As the D.O.B.’s story changes continue and my ethical soul-searching does as well, I’m reminded of George Orwell’s “Animal Farm”, and how some of the revolutionary pig characters in turn become oppressors (like Napoleon and his gang) or stay true to their ideals and suffer for it (like Snowball.) Napoleon and Snowball were thinly disguised versions of Trotsky and Stalin, at least according to my stepfather when he saw me reading the book at age 11, but it’s a mite harder to sort out who’s who in our unfolding housing drama. My drawings of them were based on hazy memories of an animated version I’d caught on TV one night (causing me to seek out the book) while babysitting my brother. The film was very Disney-esque in look and caliber of animation, but with a far darker tone and willingness to depict the brutality of the story. Searching it to see how closely I’d remembered the character designs, I found the film posted in it’s entirety on YouTube. And, um, I got Napoleon’s markings wrong.

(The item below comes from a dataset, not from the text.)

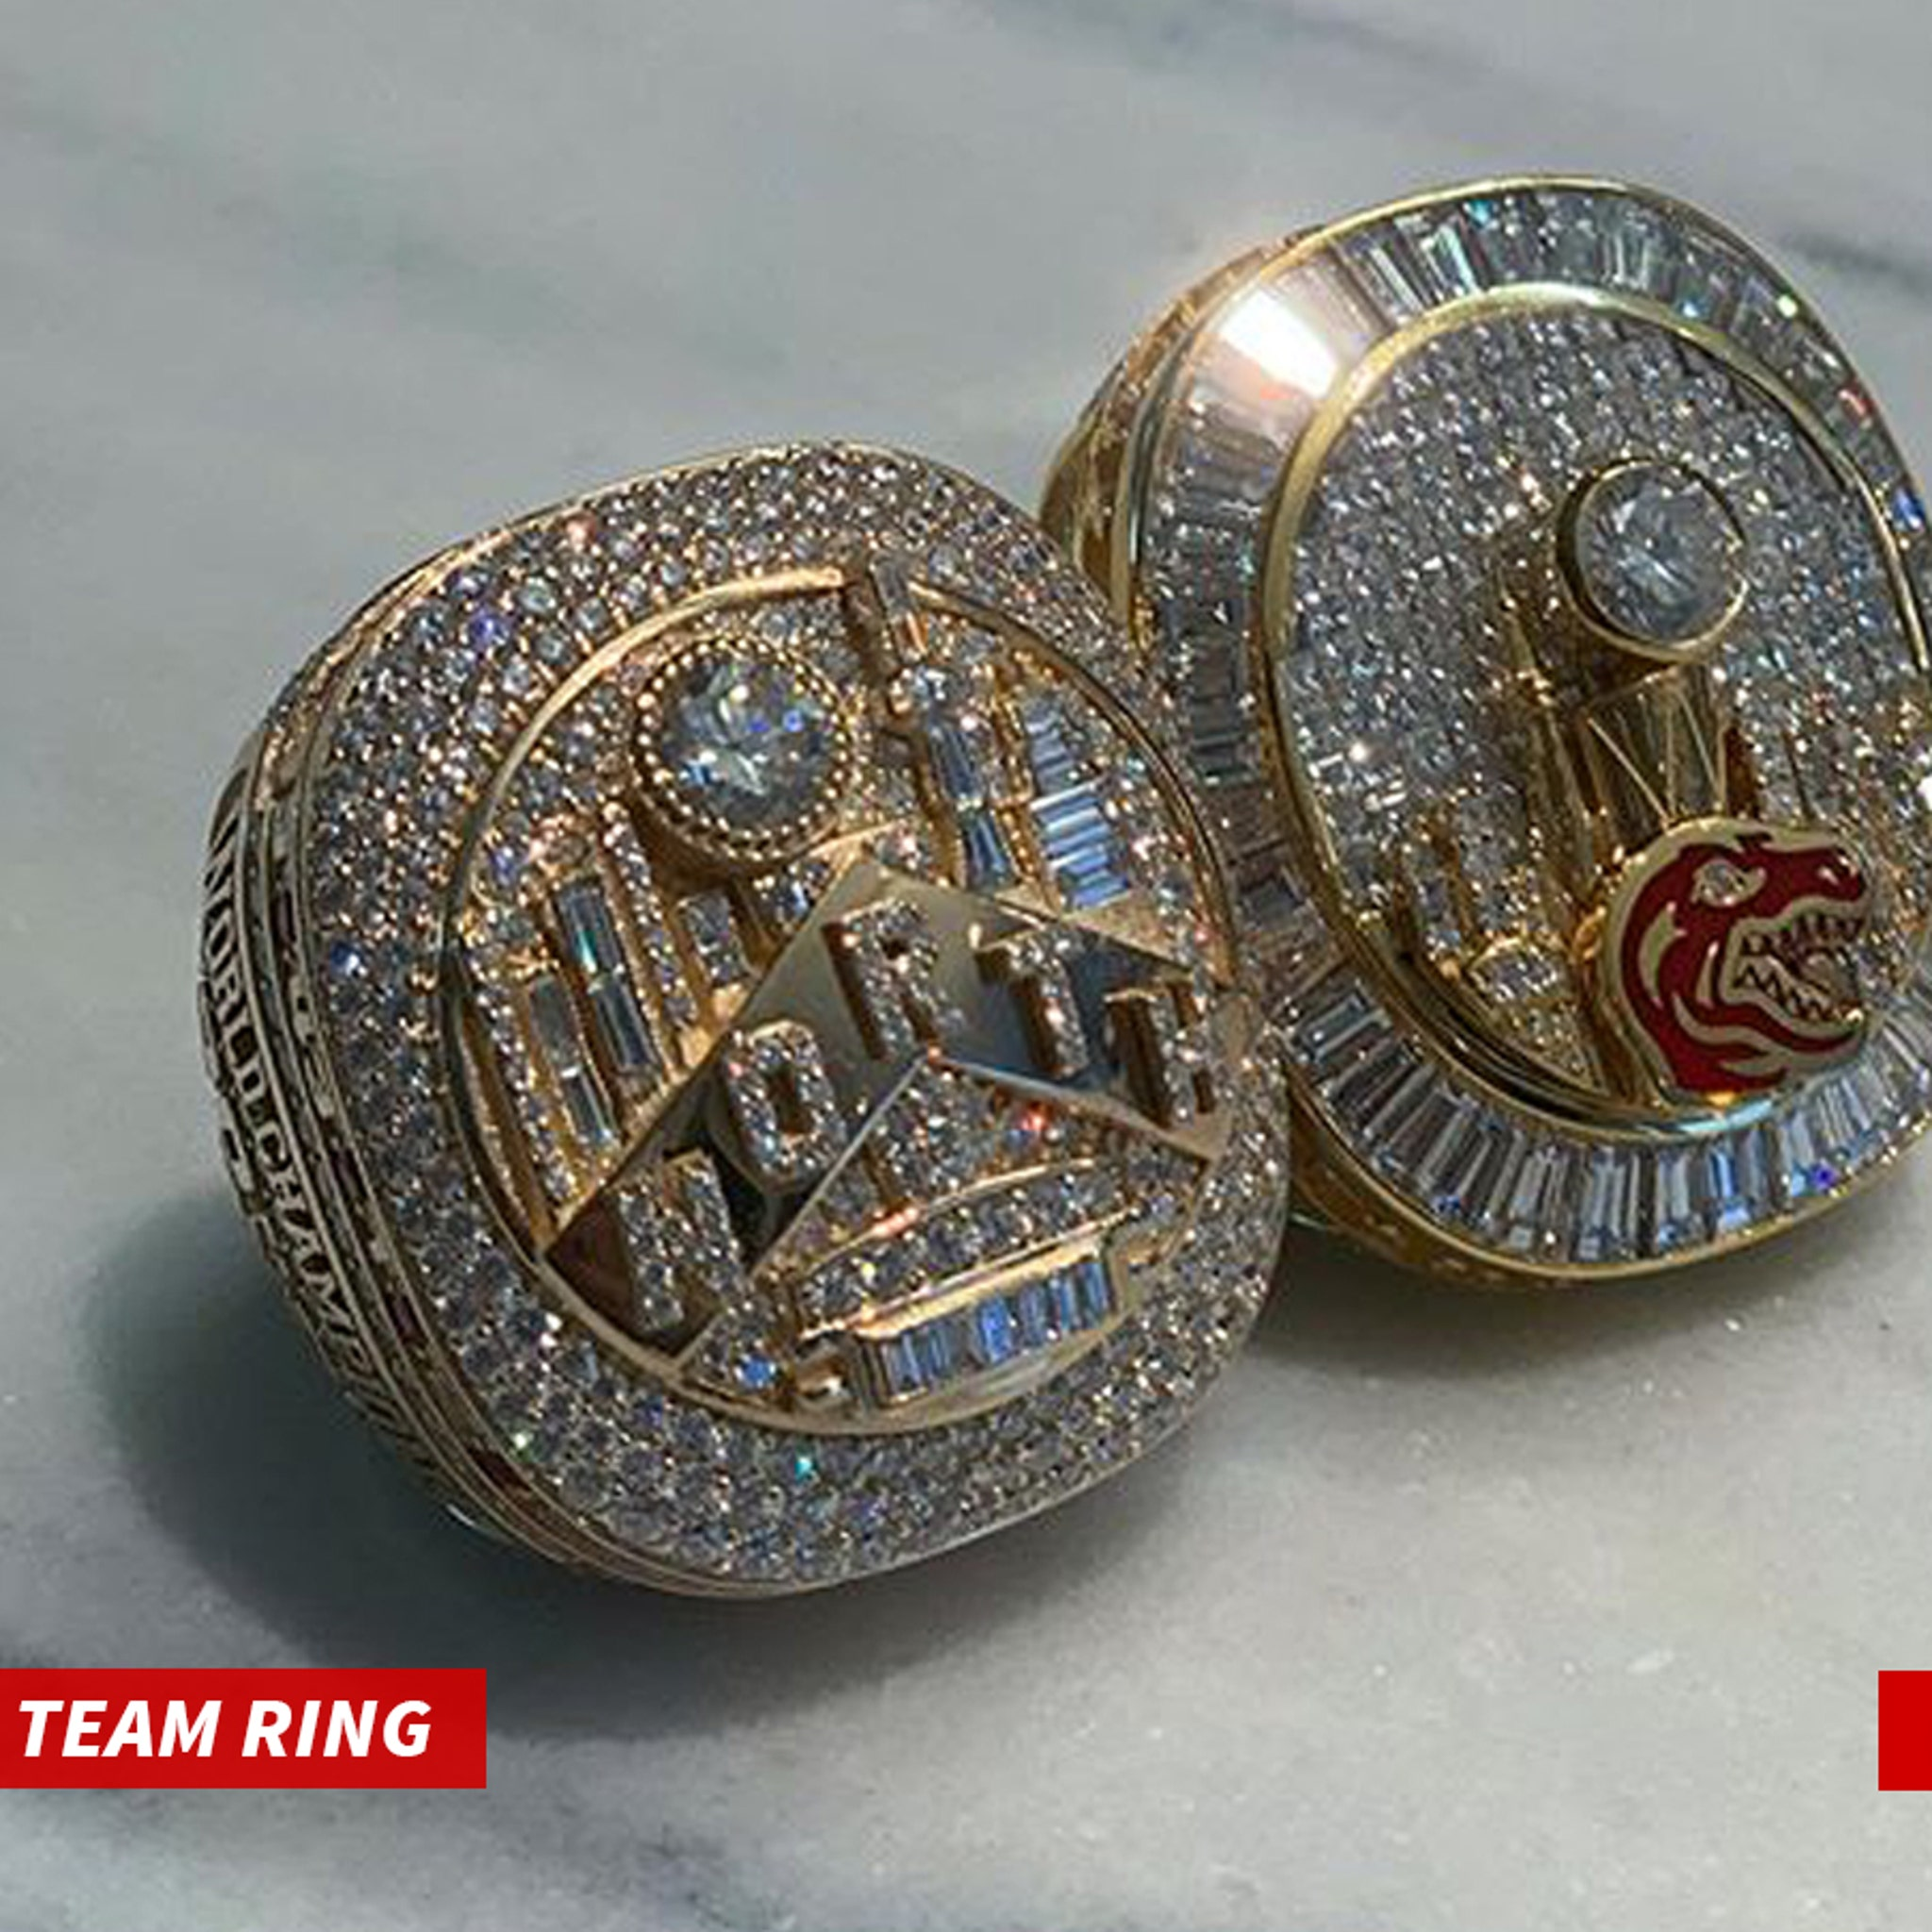 Drake Receives Raptors Championship Ring Gets 2nd Custom Ring For Himself

But the film is definitely worth a watch.
Speaking of dubious revolutions, anyone who read the snarky commentary on my Occupy Wall St. photos can surmise I’ve been taking this whole phenomenon in with a large grain of salt (if it makes you happier, organic homeopathic sea salt from a health food store that costs ten times as much as salt would anywhere else.) I want to be beyond clear that I don’t condone police brutality under any circumstances. I’ve seen videos of excessive force being used, particularly given how passive much of the crowd I saw was. Like hopefully others, I’ve called for charges to be brought against offending officers. But at the same time I’ve been skeptical of the lack of clear agenda these people have, and more disturbingly, their defensive insistence that it not be questioned, as though we should all put aside critical thinking and trust them as blindly as the radical bogeymen of corporations, banks, government, church, et al expect us to in themselves. I really don’t need the same old shit with it’s odor masked in cheap patchouli instead of Chanel No. 5. I was also dismayed for a long time not only by the lack of diversity in the crowd, but the lack of voices for whom the economic disparities have hit hardest. Why was no one saying they were there because they’d been unemployed for three years, or foreclosed on and living on the streets, or had vital health services cut that they relied on? On the first day we went with our friend and sometime bandmate Pronoblem, who had come in from Holyoke MA. At a free speak out I spoke on the need for housing for all and cuts in city programs and for those in the greatest need to truly occupy Wall Street and was met with blank stares. Following me an all American looking girl (ponytail, freckles, braces) got on the mike and said she’d driven up from Daytona, to be met with rousing cheers. WHOOO HOOO! SPRING BREAK!!!
I relate that anecdote with no indignation. Some types of people pay you a greater compliment with stunned silence than they do with applause.
But in the past two days, that’s changed a bit. They’re few and far between, but support has been trickling in from the types of people I was wondering about. A woman foreclosed on and struggling to feed her children in one article. An Iraq war veteran calling out the war profiteers online. People who call the system into question because of their experiences, not because “umm, like corporations are bad and stuff, right?” Unions. The rest of America, the ones who need to be reached and who need a change to make their lives work. We’re going back tomorrow, I’ve been told people who have actual things they need addressed can write them onto posters, which will then be used to formulate the actual goals. And yeah, I have things I can articulate.